Math analysis shows residual connections reduce exploding and vanishing gradients by shrinking the Lyapunov spectrum
This paper studies why deep neural networks sometimes suffer from exploding or vanishing gradients and how residual connections (the skip links used in ResNet-style architectures) change that behavior. The author models a deep network as a long composition of blocks and studies the linearized dynamics of small perturbations — the same quantities that control gradients during training. Using tools from multiplicative ergodic theory, the paper gives a precise mathematical statement about how residual connections change the long-term growth rates of those perturbations.
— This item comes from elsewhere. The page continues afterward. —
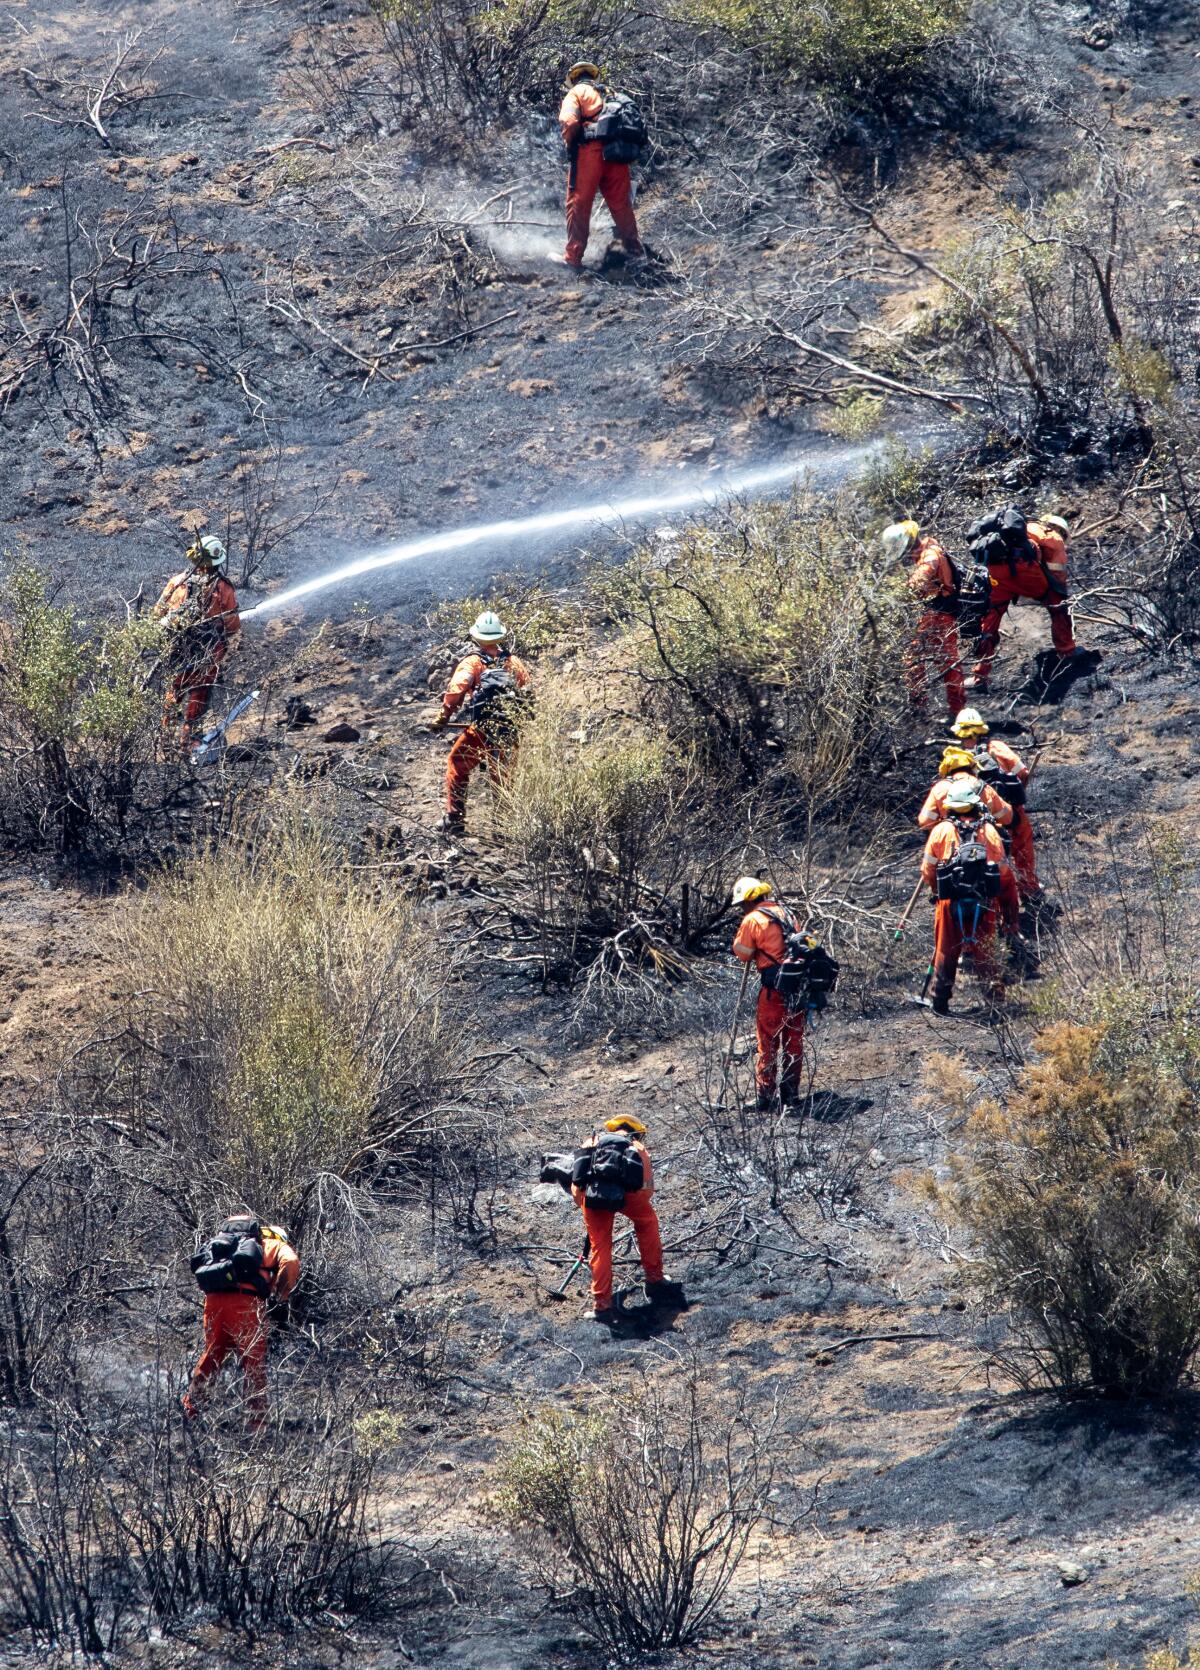 An inmate fire crew mopping up a fire in Agoura Hills
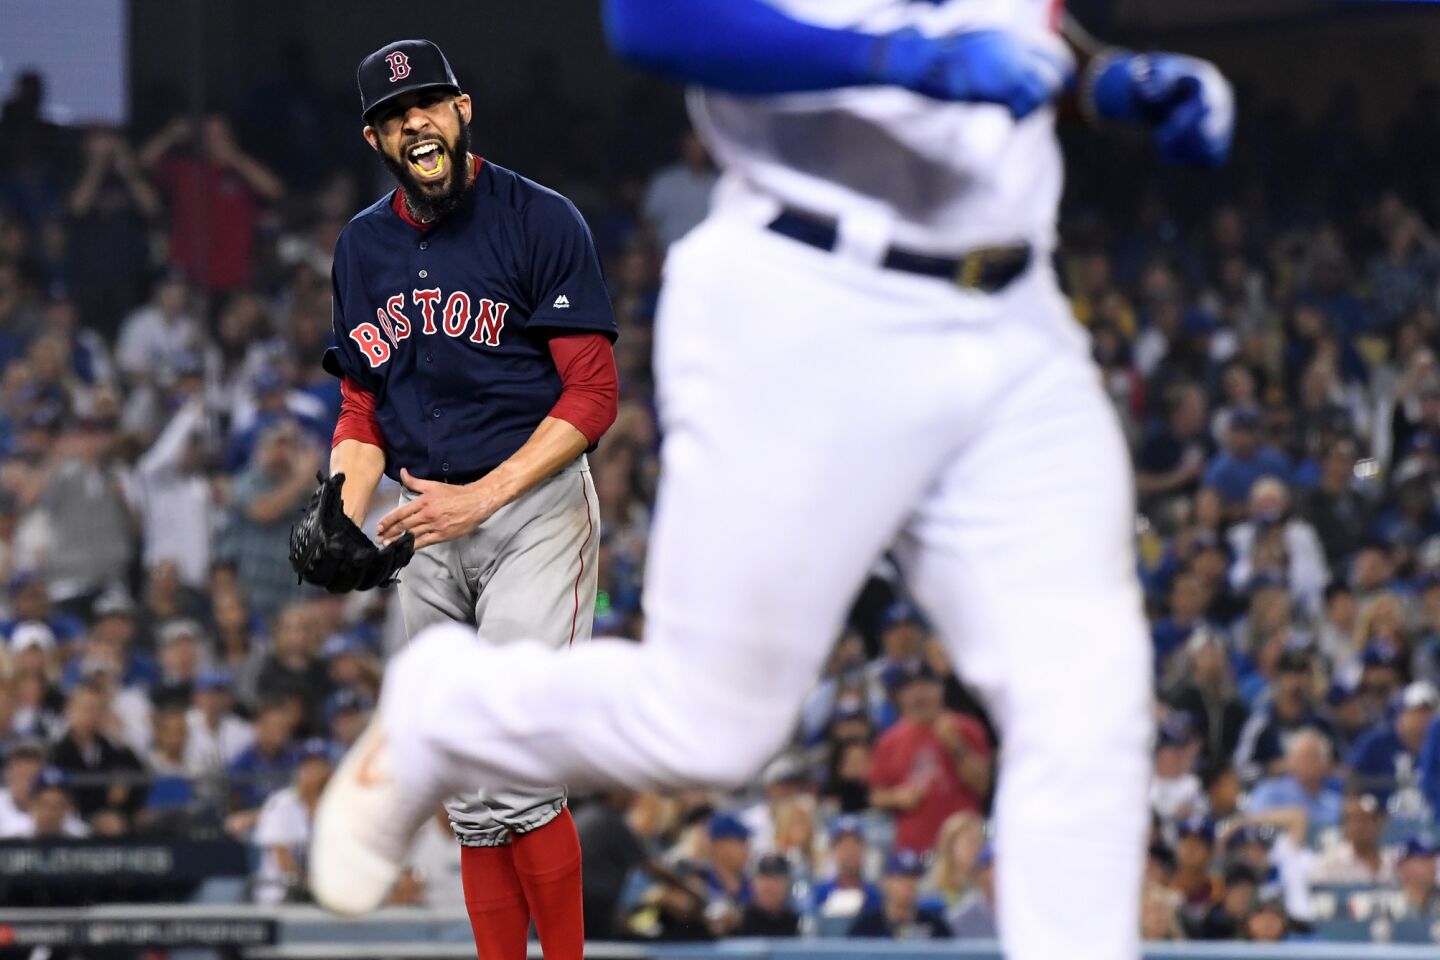 Red Sox starting pitcher David Price reacts after getting Dodgers right fielder Yasiel Puig to ground out in the seventh inning.

Concretely, the researcher treats the Jacobian matrices of each block (the matrices that describe how small changes in the input map to changes in the output) as random, independent draws from a fixed distribution. The key objects of study are Lyapunov exponents, which are numbers that measure the exponential rates at which a small perturbation grows or shrinks when multiplied by the sequence of Jacobians. The paper applies an exact characterization of the Lyapunov spectrum due to Furstenberg and Kifer. That characterization gives a decomposition of the input space into subspaces with distinct exponential growth rates.
The main technical finding, stated as Theorem 4.1 in the excerpt, is that replacing a block map A by the residual map I + A (where I is the identity matrix) makes the Lyapunov spectrum a smaller perturbation of the identity spectrum than without the residual connection. In plain terms: adding a residual (skip) connection moves the spectrum closer to neutral growth and so reduces extreme exponential growth or decay of gradients. The analysis uses projective geometry and the Furstenberg–Kifer description of stationary measures on projective space to make this statement precise.
This matters because exploding or vanishing gradients are a core obstacle to training very deep networks. The paper gives a mathematical mechanism that links residual connections to a taming of these gradient problems. Compared with prior work, the novelty claimed here is the use of the exact Furstenberg–Kifer characterization to pin down the full Lyapunov spectrum and to describe how residual links change it.